GOAL OF THE EXERCISE: The reply should consist solely of the lines from the one with "Barquette 200g acras" through the final line of the listing, copied exactly, with no pictures.

[[ DATASET EXCERPTS, beginning ]]

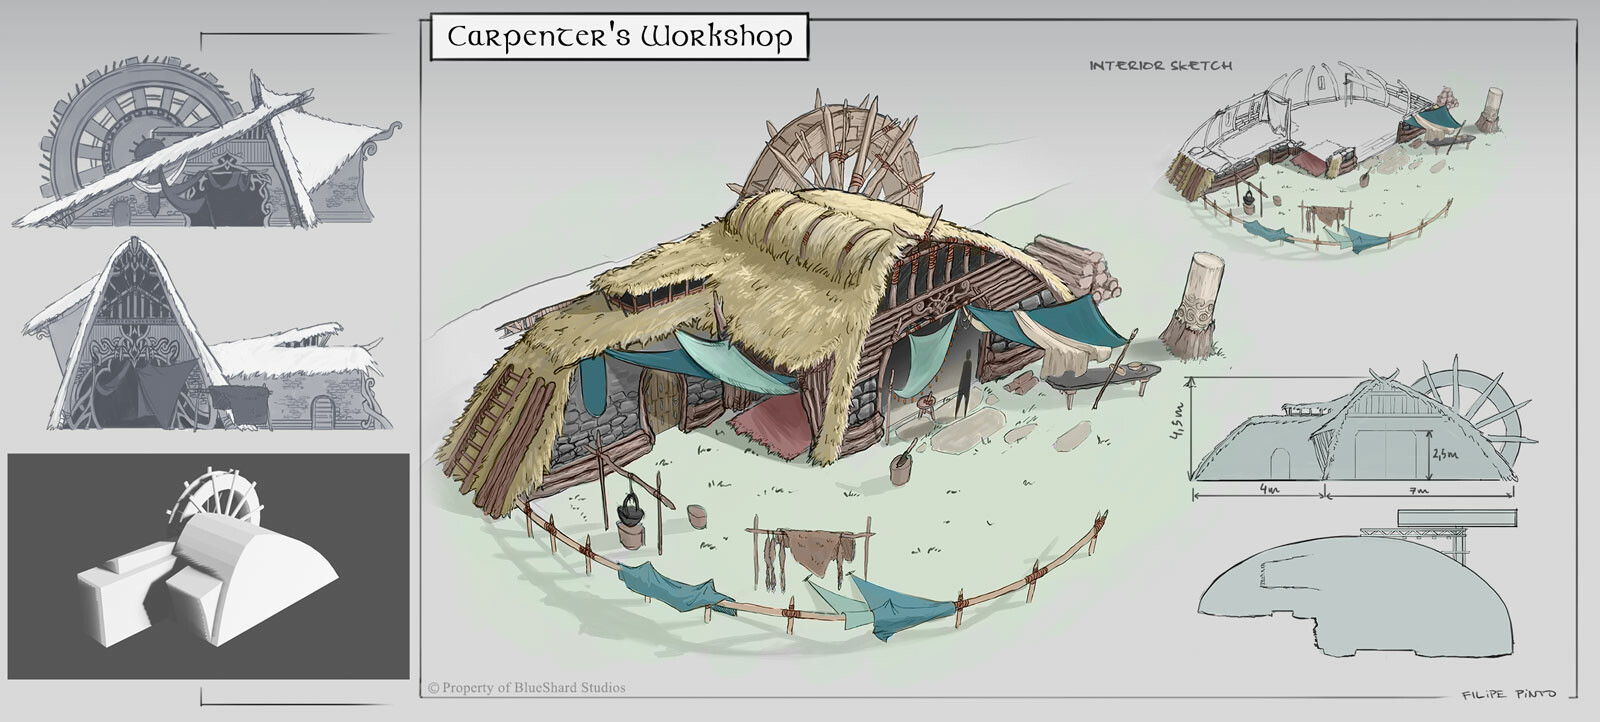 Filipe pinto carpenter portfolio
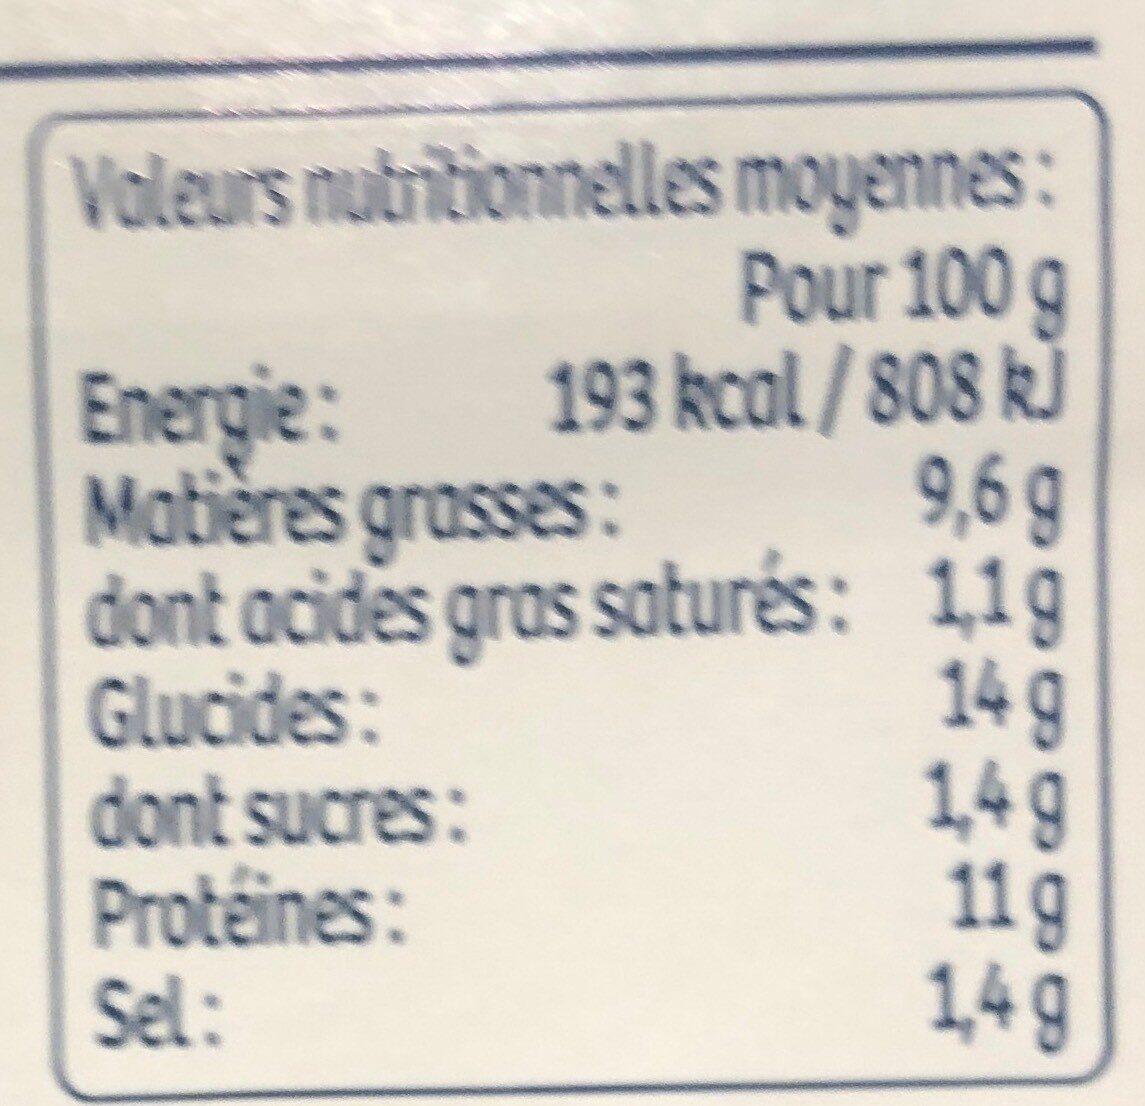 Barquette 200g acras crevettes - Voedingswaarden - fr
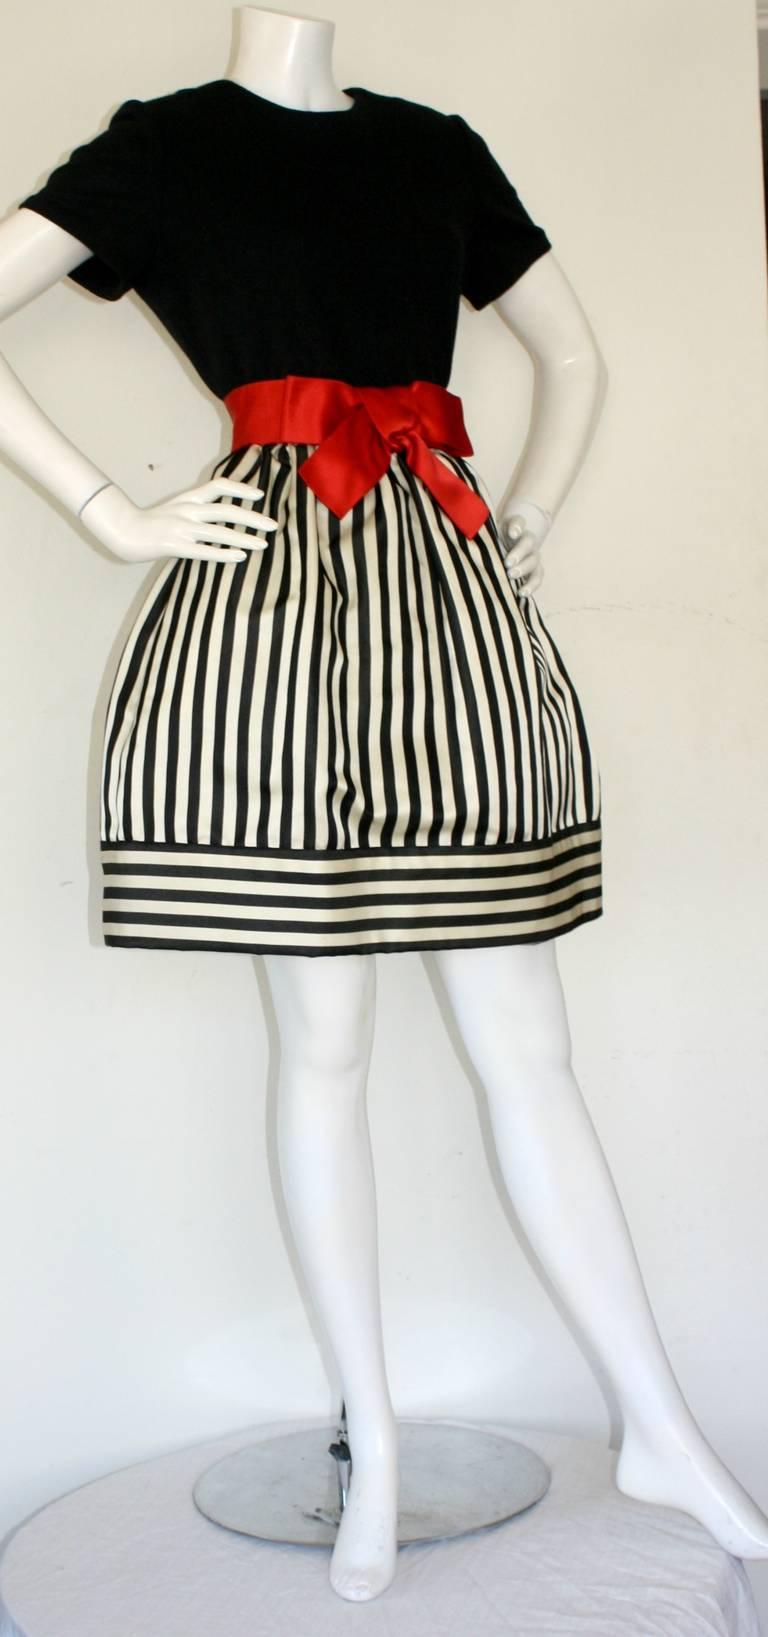 Bill Blass Vintage Black & White Stripe Dress w/ Red Bow Belt For Sale 3
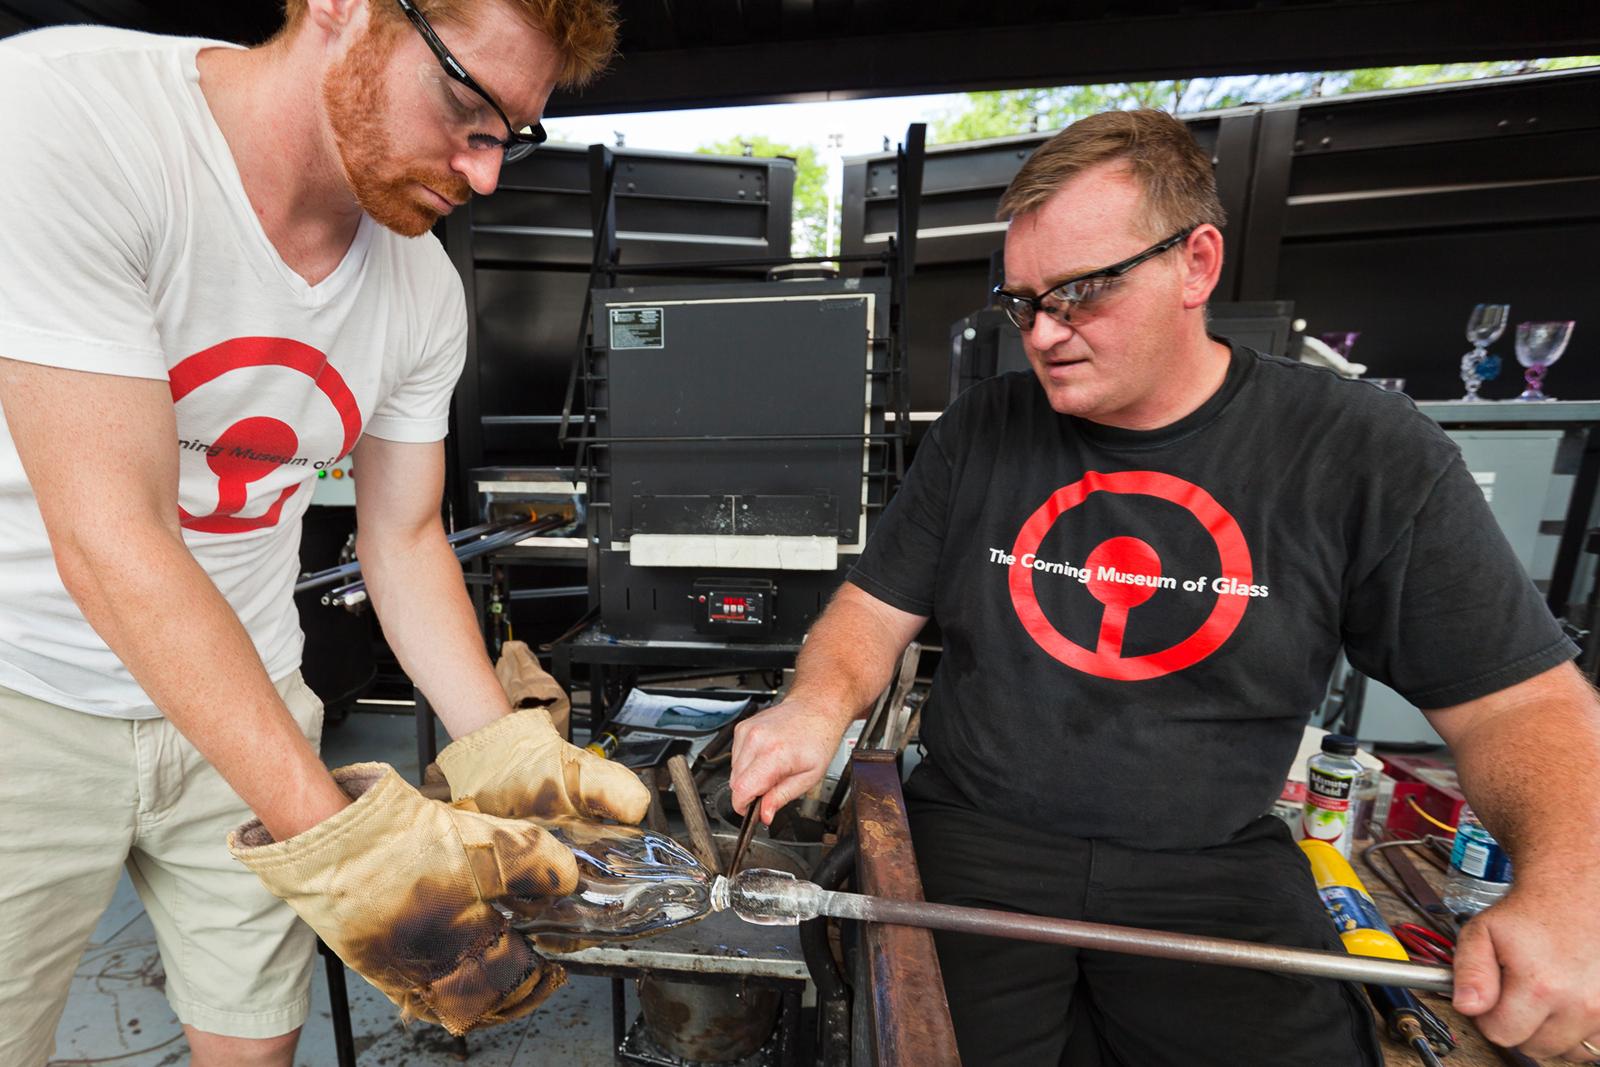 Gaffers George Kennard and Dane Jack work with designer Tom Scott at GlassLab in Corning
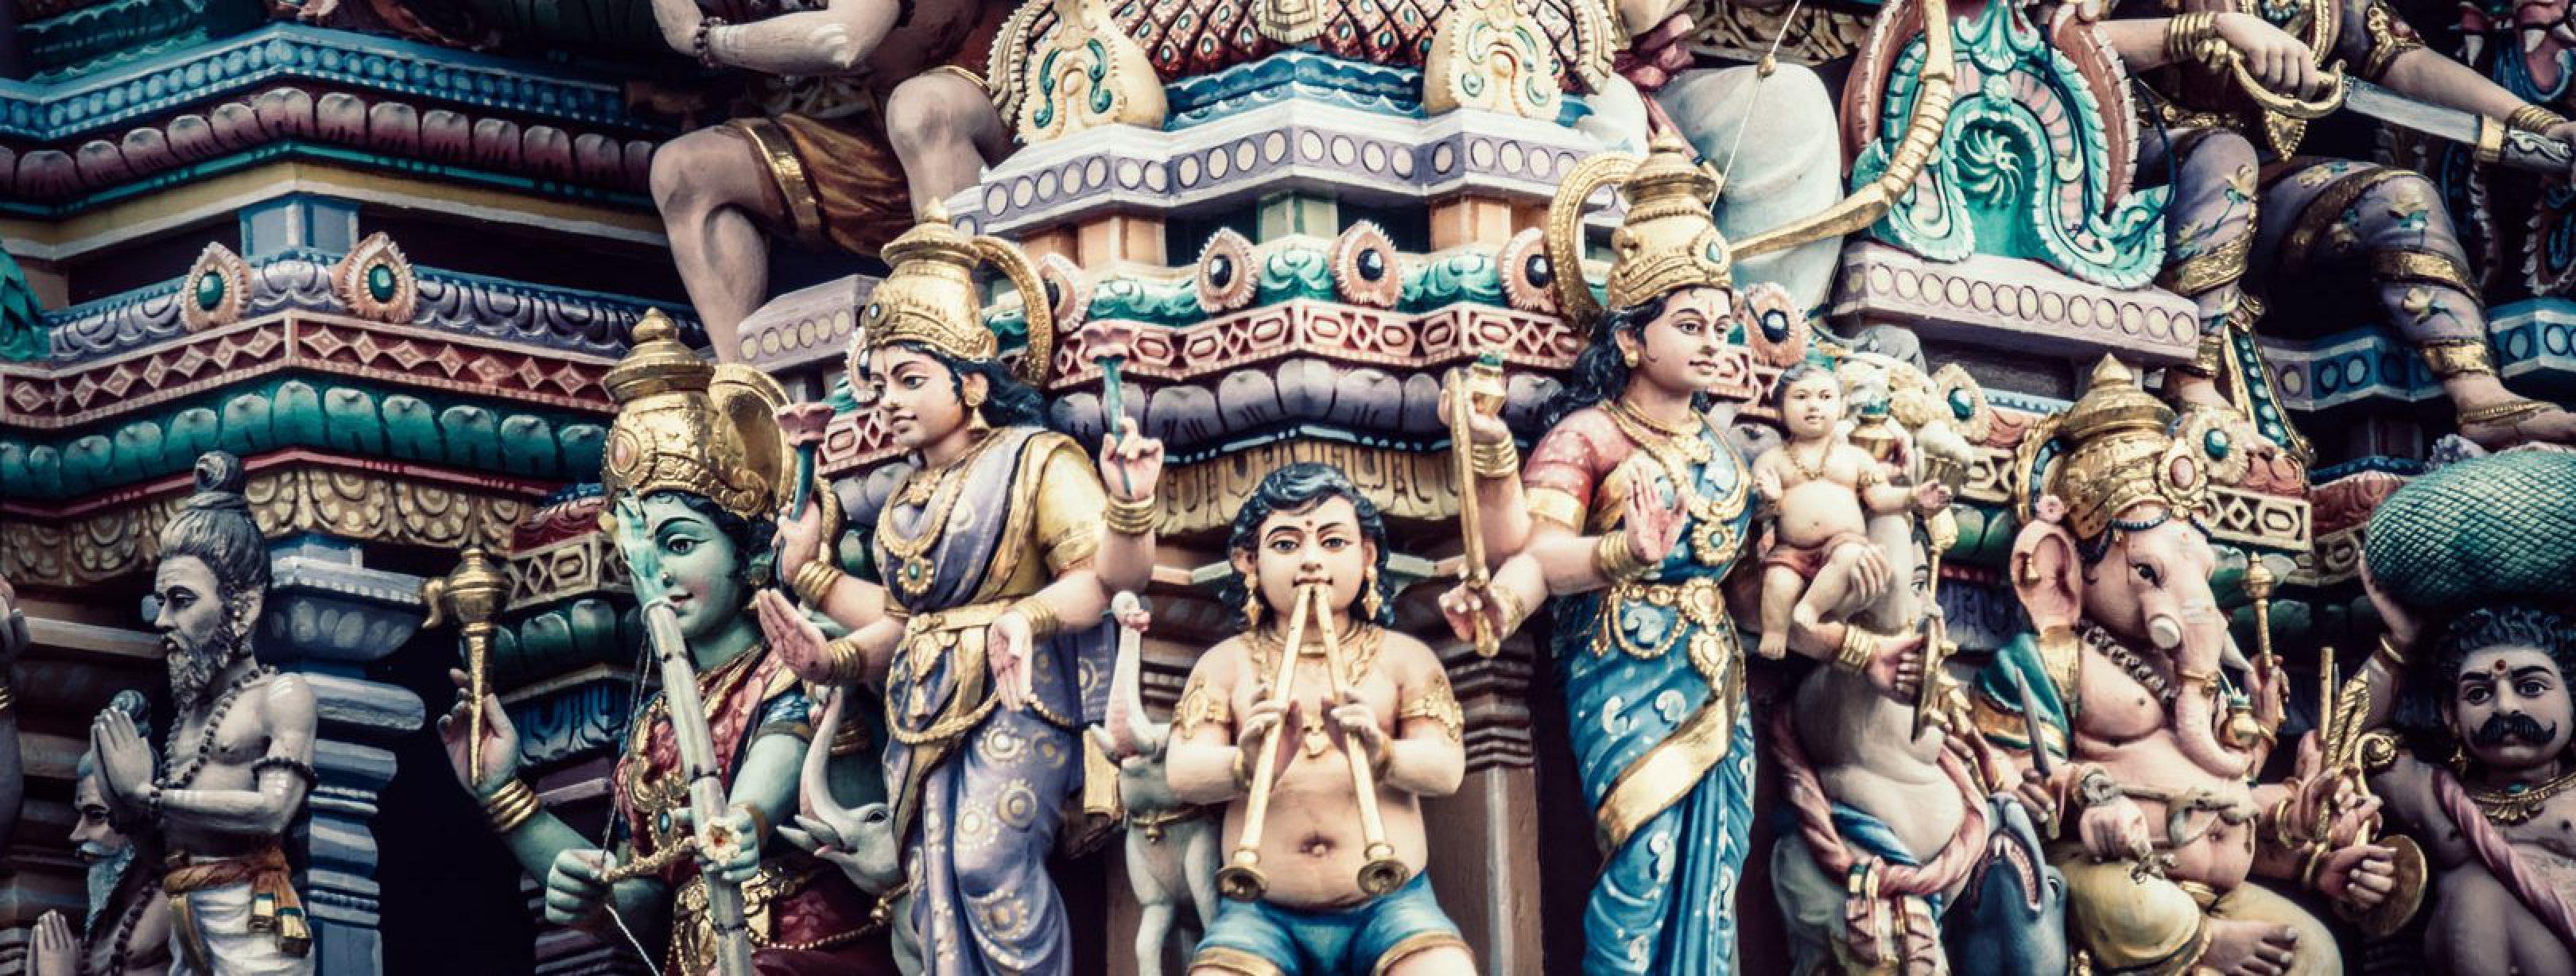 Uitsprake Boeddha Brahmaan

[[ DATASET EXCERPTS, end ]]

SOLUTION BELOW:
 Barquette 200g acras crevettes - Voedingswaarden - fr
 Bill Blass Vintage Black & White Stripe Dress w/ Red Bow Belt For Sale 3
 Gaffers George Kennard and Dane Jack work with designer Tom Scott at GlassLab in Corning
 Uitsprake Boeddha Brahmaan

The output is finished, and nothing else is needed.